Neredeyse 3500 yıllık, oldukça köklü bir geçmişe sahip çikolata. Aztekler zamanında çikolatanın ham maddesi olan kakao çekirdeklerinin kutsal olduğuna ve tanrılar tarafından insanlara hediye edildiğine inanılırmış. O zamanlar sadece içecek olarak tüketilen çikolatanın afrodizyak etkisi olduğunu ortaya ilk atanlar da Aztekler olmuş. Bugün ise çikolatanın böyle bir etkisi olup olmadığı halen netleşmiş değil. Ama çikolatanın mutluluk hormonu phenylethylamine’i salgılattığı bilimsel bir gerçek. Araştırmalar, beynimizin aynı hormonu aşık olunduğunda da salgıladığını ortaya çıkarmış. Yani afrodizyak etkisi olsun ya da olmasın, çikolata ile aşk arasında bir bağlantı kesin var.

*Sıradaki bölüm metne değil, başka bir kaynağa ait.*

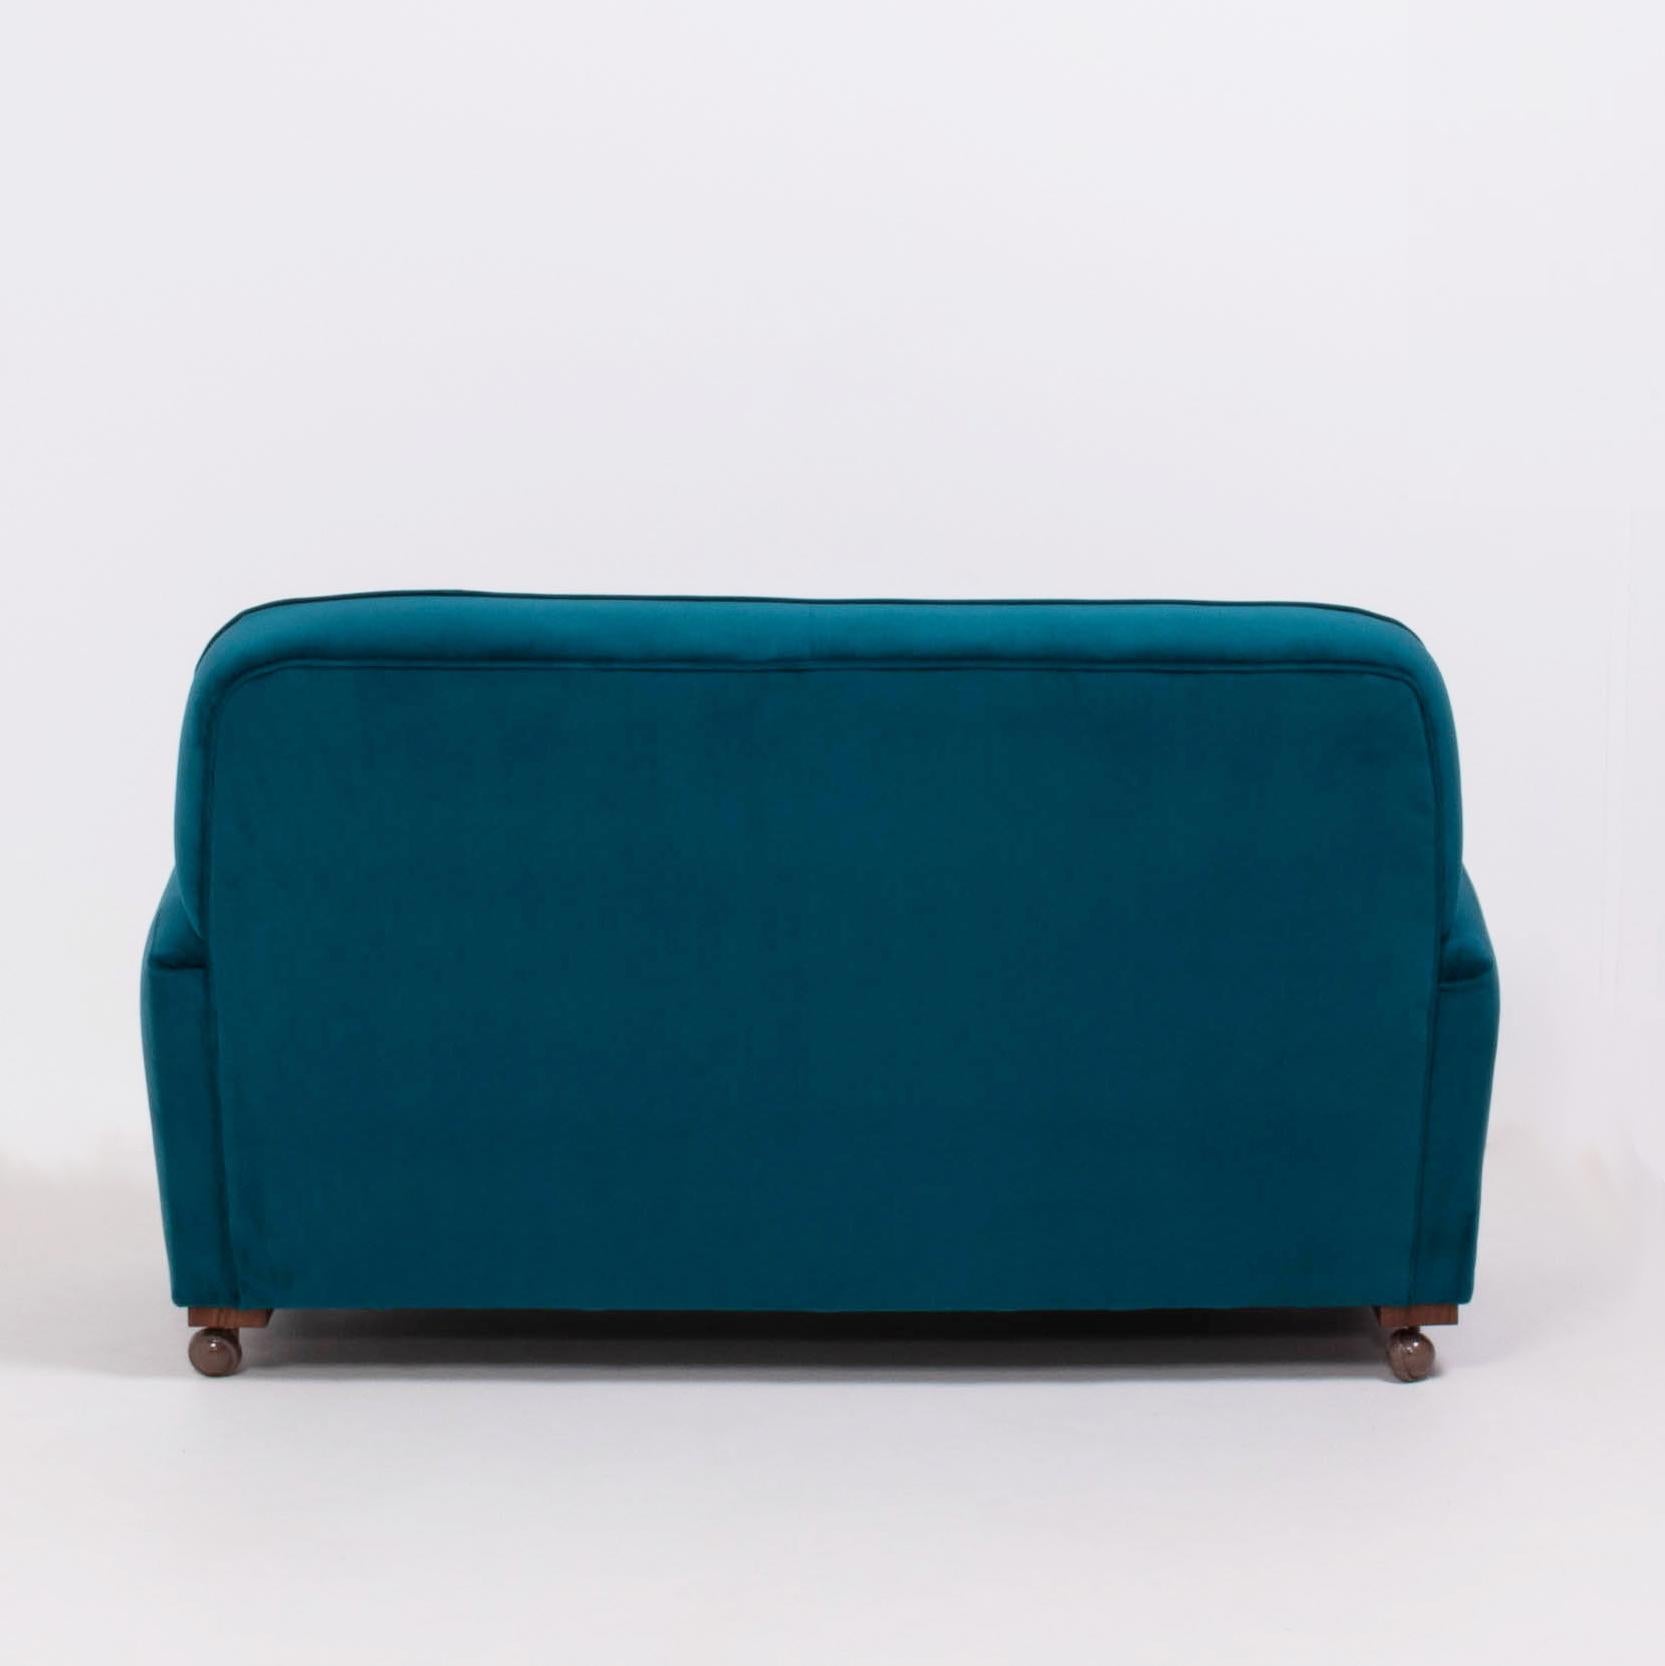 Fabric Original 1930s Art Deco Curved Blue Teal Velvet Sofa Newly Upholstered

Çikolata şimdilerde çok ucuz ama, bir zamanlar dünyanın en değerli metasının çikolata olduğunu da biliyoruz. Bu durum elbette ki Azteklerin çikolatanın kutsal olduğunu düşünmesi ile yakından bağlantılı. Kakao çekirdeğinin para yerine kullanıldığı ve çikolataya sadece zenginlerin sahip olduğu dönemler de zaman içerisinde çikolatanın çekiciliğini artırdıkça arttırmış. Hediyenin değeri pahasıyla ölçülmez gerçi ama, o zamanlar çikolata gibi pahalı ve nadir bulunan bir şeyi hediye etmek, karşıdakine ne kadar değer verdiğinin bir göstergesi sayılmaya başlanmış.
Yani çikolata daha en başından beri hediye edilen, oldukça değerli bir yiyecek olmuş. Ancak yine de günümüzde çikolatanın Sevgililer Günü’nde hediye edilişi, daha çok Cadbury’nin başlattığı gelenekten ya da afrodizyak etkisi olduğu düşüncesinden geliyor. Çikolataların yüzde 75’i erkekler tarafından kadınlara hediye ediliyor. Bunun istisnası ise Japonya. Japonya’da Sevgililer Günü’nde erkeklerin kadınlara çikolata hediye etmesi yasak. Sadece kadınlar erkeklere çikolata hediye edebiliyor. Hatta sadece sevgililerine değil, arkadaşları, patronları gibi hayatlarında olan diğer erkeklere de çikolata hediye ediyorlar. Sadece aşkı ifade etmek için değil, sevgiyi ifade etmek için de çikolatadan yararlanıyorlar.
Tabii çikolatanın aşkın sembolü olması daha ne kadar sürer orası meçhul. Zira çikolatanın sevgiliye verilen romantik bir hediye olması düşüncesi, yerini yavaş yavaş çikolatanın kendi kendini mutlu etme aracına dönüşmesine bırakıyor gibi. Çikolata reklamlarında da bu konsept baskın olmaya başladı. Karşındakine duyduğun aşkı göstermekten ziyade, kendine duyduğun aşkın simgesi olarak çikolata almalısın mesajı veriliyor artık. Çikolatanın seksten bile daha iyi olduğunu söylemek de bu düşüncenin bir yansıması. Yalnız olduğu için çikolata tüketen kadın portrelerinin çizilmesi de çikolatanın çok yakında aşkın sembolü olmaktan çıkabileceğinin habercisi. Ancak şimdilik durum eşit. Bir gelenek olarak sevgilisine çikolata alanlar da, yalnız kaldığı için ağlamaktan gözleri şişenler de bu 14 Şubat’ta milyonlarca çikolatanın tüketilmesine sebep olacak.